Pfizer is developing a once-daily version of Danuglipron.

The company also announced Monday it would halt development of another experimental pill, Lotiglipron, which Bansal said is the “more attractive GLP-1” in Pfizer’s portfolio because it’s only taken once a day. Pfizer shares fell 5% Monday after the news.

But Pfizer and Eli Lilly have one key advantage over Novo Nordisk’s oral semaglutide: no dietary restrictions.

According to the FDA label for the low-dose, approved version of the drug, patients must take Novo Nordisk’s oral semaglutide in the morning on an empty stomach with no more than 100 mL of plain water. You will be instructed to wait 30 minutes before eating, drinking, or taking any other oral medication.

That’s because Novo Nordisk’s oral semaglutide is a peptide drug that’s harder to absorb from the gut, according to Dr. Eduardo Grunvald, medical director of UC San Diego’s Center for Advanced Weight Management.

“If you take it with food or drink, it just doesn’t get absorbed efficiently,” Grunvald told CNBC.

He said the Eli Lilly and Pfizer pills are non-peptide GLP-1 tablets that are more easily absorbed and do not require dietary restrictions.

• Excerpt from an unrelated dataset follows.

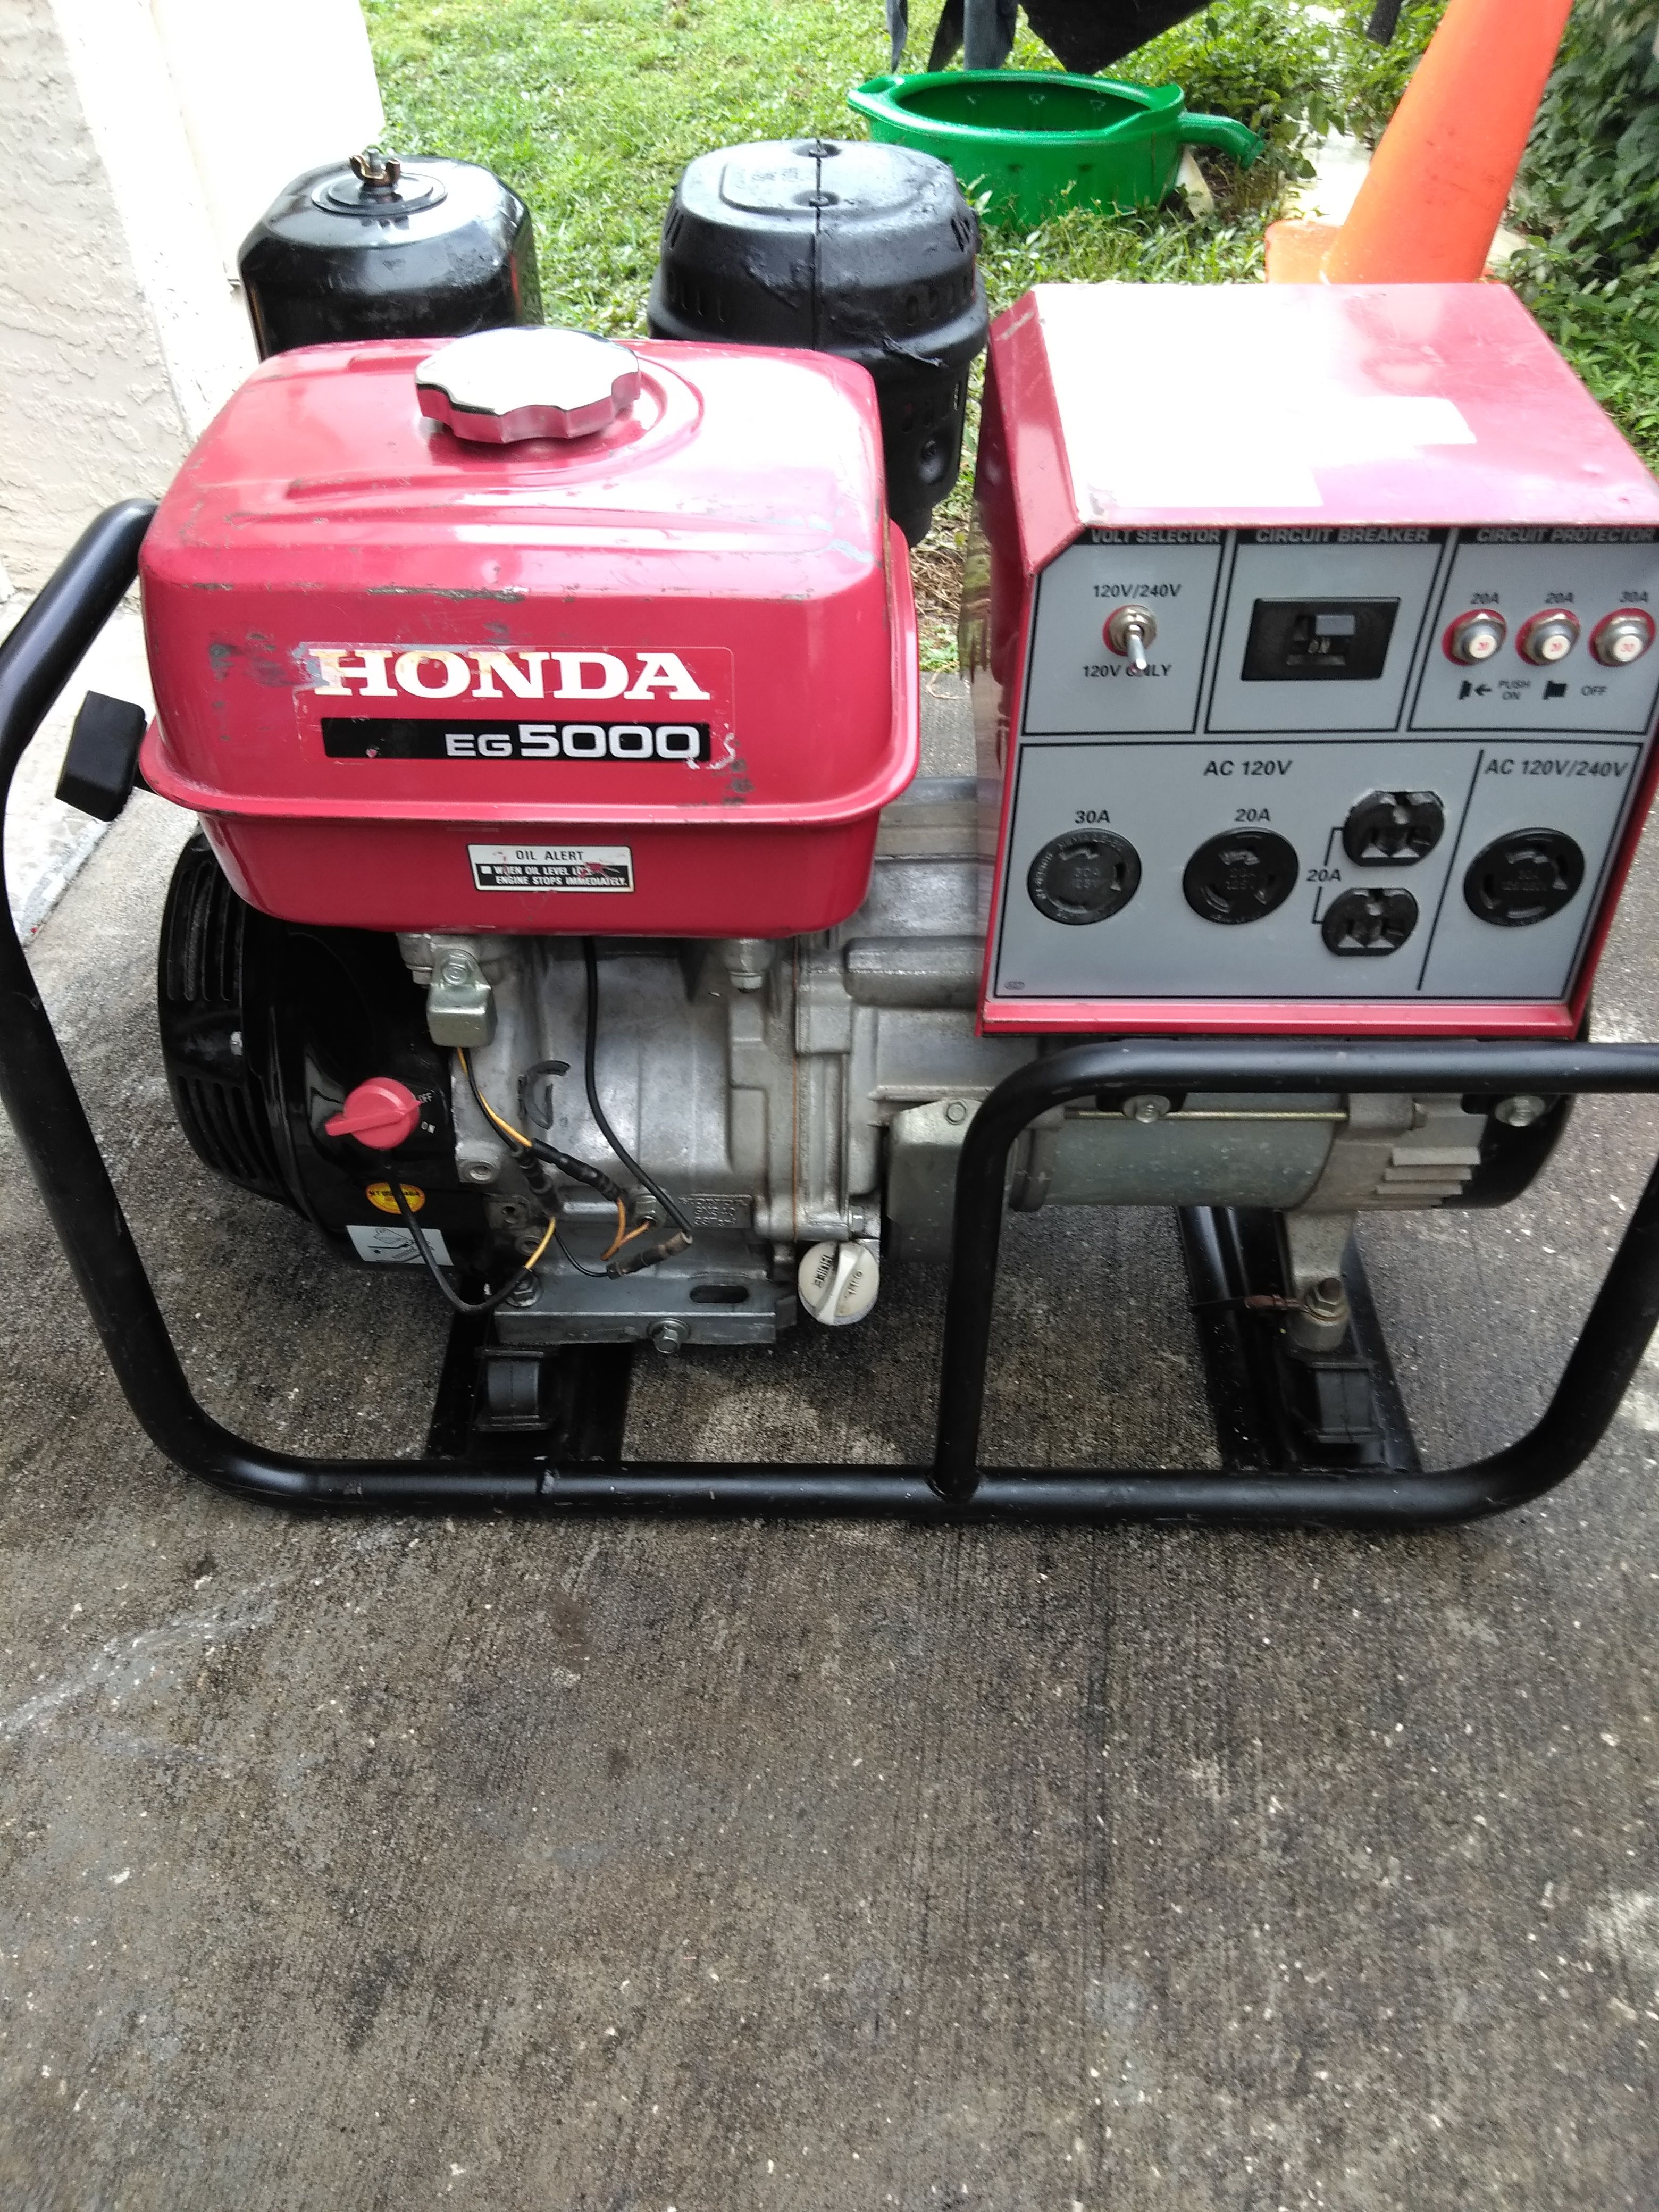 Honda eg5000 generator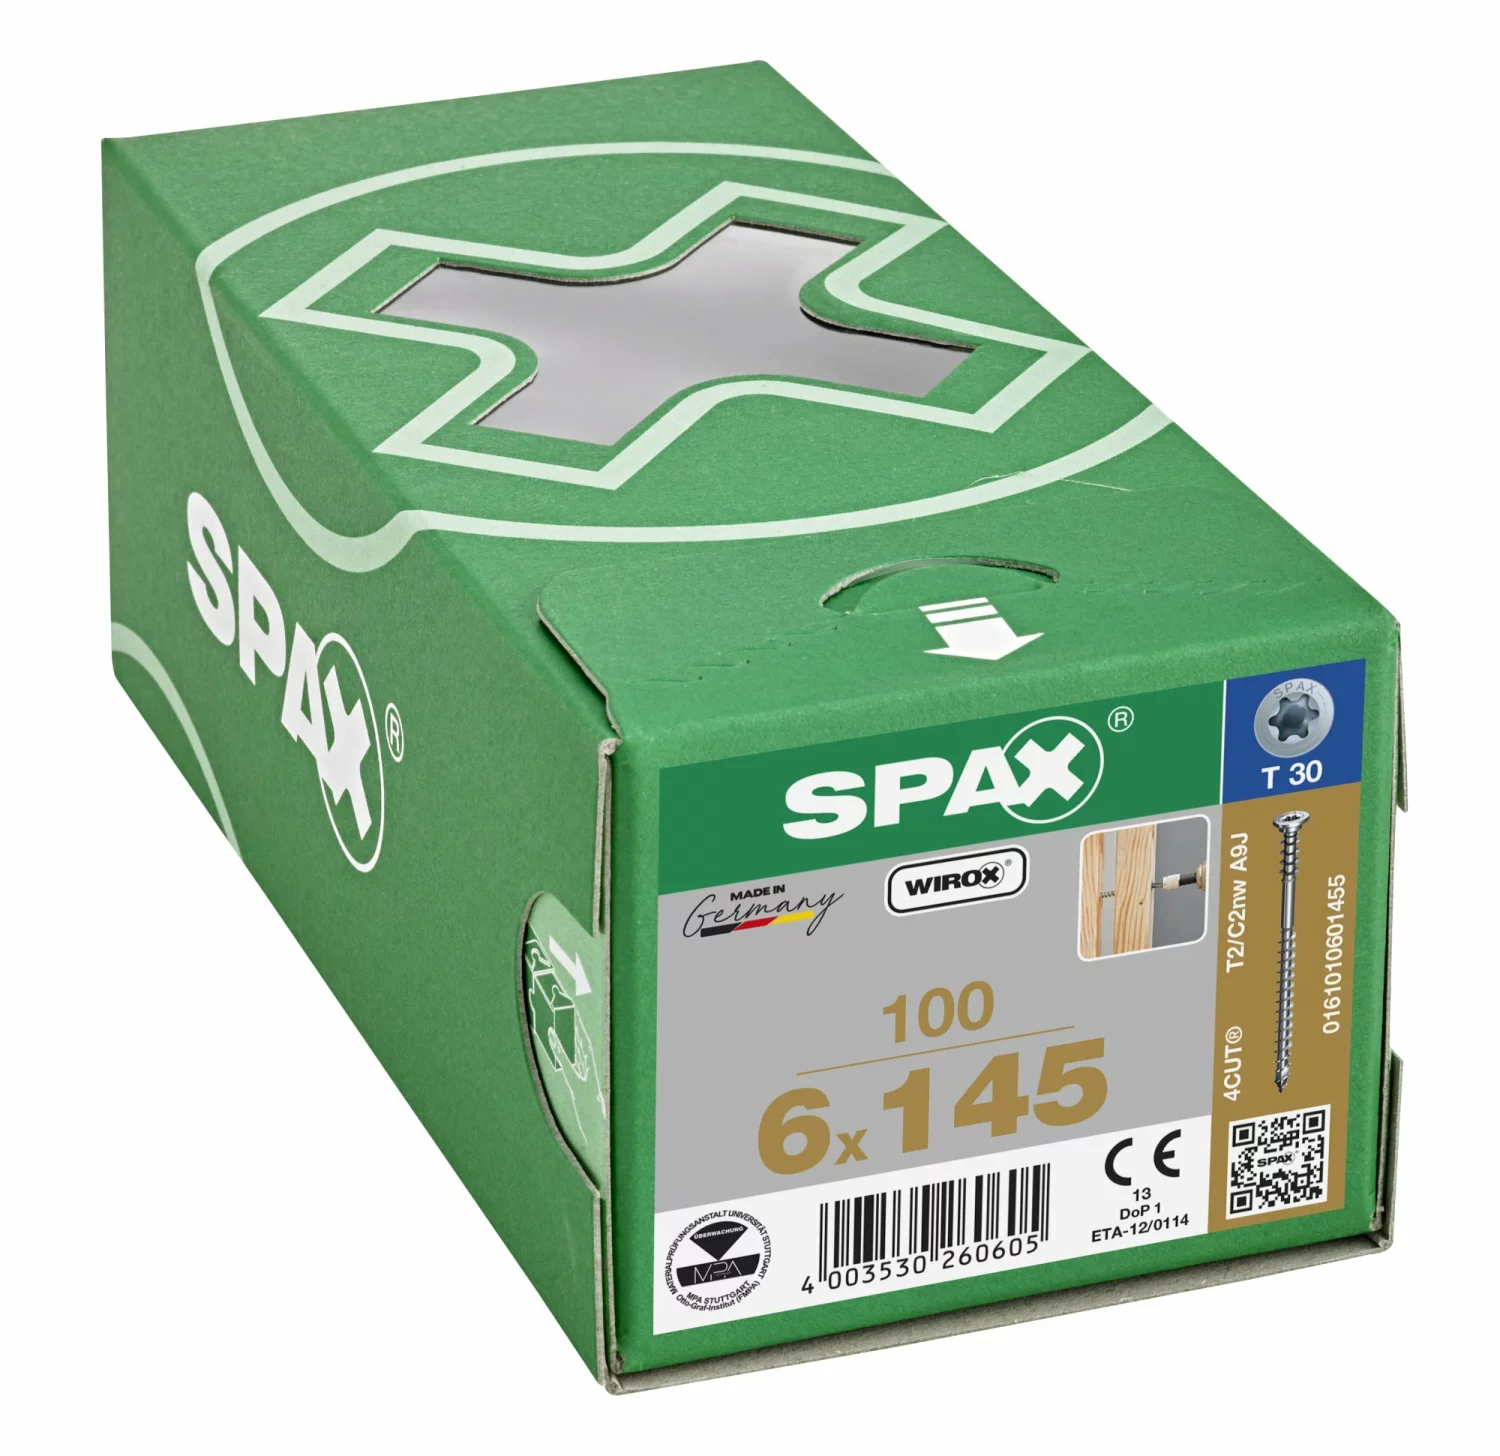 SPAX 161010601455 Stelschroef, Platkop, 6 x 145, Deeldraad, T-STAR plus T30 - WIROX - 100 stuks-image

Cantor Fitzgerald’s Chen said market research suggests these limitations are a “major disadvantage for patients,” making Eli Lilly’s and Pfizer’s pills convenient alternatives.

Overall, Eli Lilly’s Orforglipron appears to be the top contender in the weight loss pill space due to its strong efficacy data and practical use as a once-a-day pill with no dietary restrictions.

However, Chen stressed that the data released later this year could potentially change that: “Save some space for the new data to come.”

For health professionals like Grunvald, picking a winner in the oral weight-loss drug space is less important.

“I think these oral GLP-1s mean we have more tools in our toolbox and we have more options for different people who might respond differently to different drugs,” he said. “This really is the future of everything.”